The Blu-ray: Vital Disc Stats
'Shock Corridor' comes to high definition courtesy of the good folks at the Criterion Collection (spine #19), so it has a chunkier box (with jaw dropping Daniel Clowes artwork). The disc is a Region A-locked 50GB joint.
According to the accompanying booklet: "This new high-definition digital transfer was created on a Spirit Datacine from a 35 mm fine-grain master positive. Thousands of instances of dirt, debris, scratches, splices, warps, jitter, and flicker were manual removed using MTI's DRS system and Pixel Farm's PFClean System, while Digital Vision's DVNR system was used for small dirt, grain, and noise reduction."
In short: a whole lot of work went into making this transfer look real pretty. And pretty it does look: the velveteen luxuriousness of high definition black-and-white is here and accounted for (during the brief color sequences, they really pop with a sensational vitality). Black levels are nicely deep and inky.
There is a fine layer of grain that never becomes overwhelming, and the image does sometimes veer dangerously close to cloudiness, but that's because this was a fairly cheap-looking movie in the first place. This is a remarkably clean, crisp transfer that anyone who has seen the film before will likely do backflips over.
The disc's lone audio option, an English LPCM Mono track, is also sturdily up to the task.
Again: back to the booklet! "The monaural soundtrack was remastered at 24-bit from a 35 mm monaural magnetic track. Clicks, thumps, hiss, and hum were manually reoved using Pro Tools HD. Crackle was attenuated using AudioCube's integrated audio workstation."

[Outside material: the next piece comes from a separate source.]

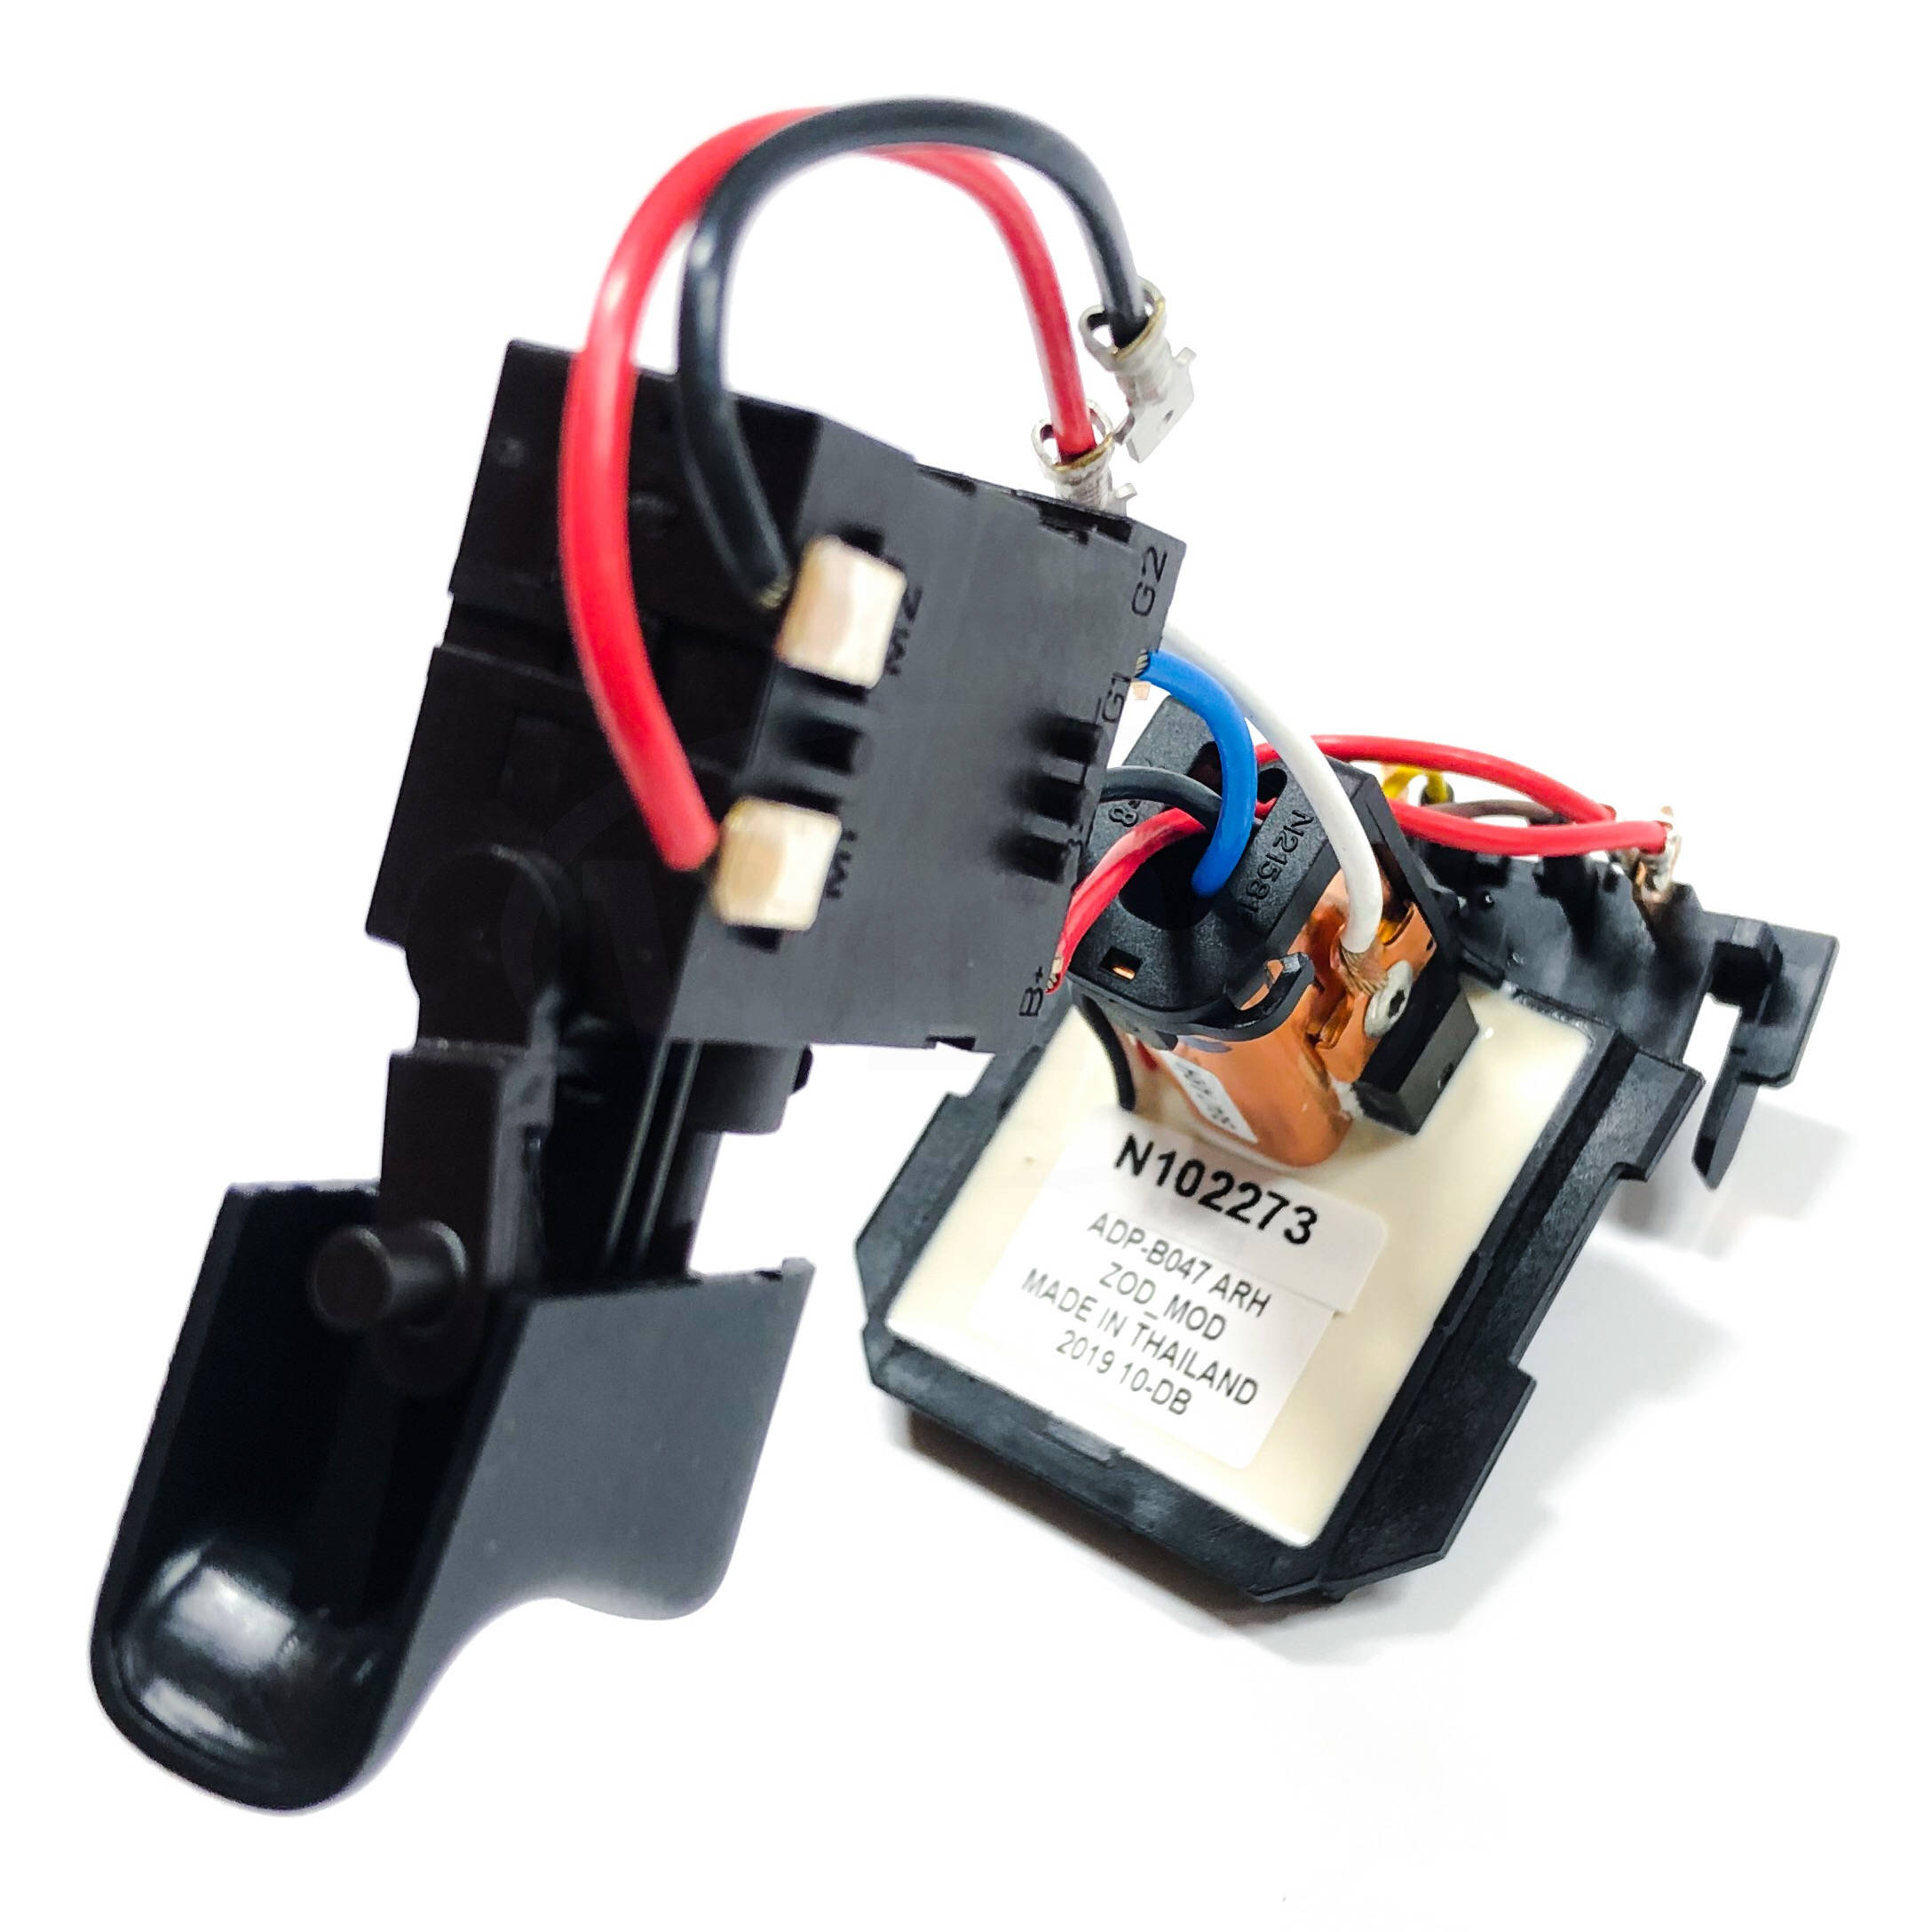 N102272 DeWALT SA Electrical Control Switch VSR

While not as revelatory as the video transfer, the audio transfer does a fine job on its own right, even for a mono track. Paul Dunlap's score sounds terrific, dialogue is crisp, clear, and always understandable. The mix gives a surprising amount of atmospheric dimensionality, too, with the cacophony of the nut house really blooming majestically.
Overall, a really solid track, with nary a trace of the muddiness that normally clouds audio mixes of films from this era (especially cheap films like 'Shock Corridor!')
Optional English SDH subtitles have also been handily included.
All of the extras on this Blu-ray also appear on Criterion's standard DVD reissue. Aw yeah.
Samuel Fuller's 'Shock Corridor' is a psychological thriller classic, no matter how you slice it. Influential to this day, it's a gripping, heartbreaking ordeal that you won't soon forget. Criterion has reissued the classic (for the first time on high-definition) with very strong audio and video and a slim but worthwhile collection of extras. Highly recommended.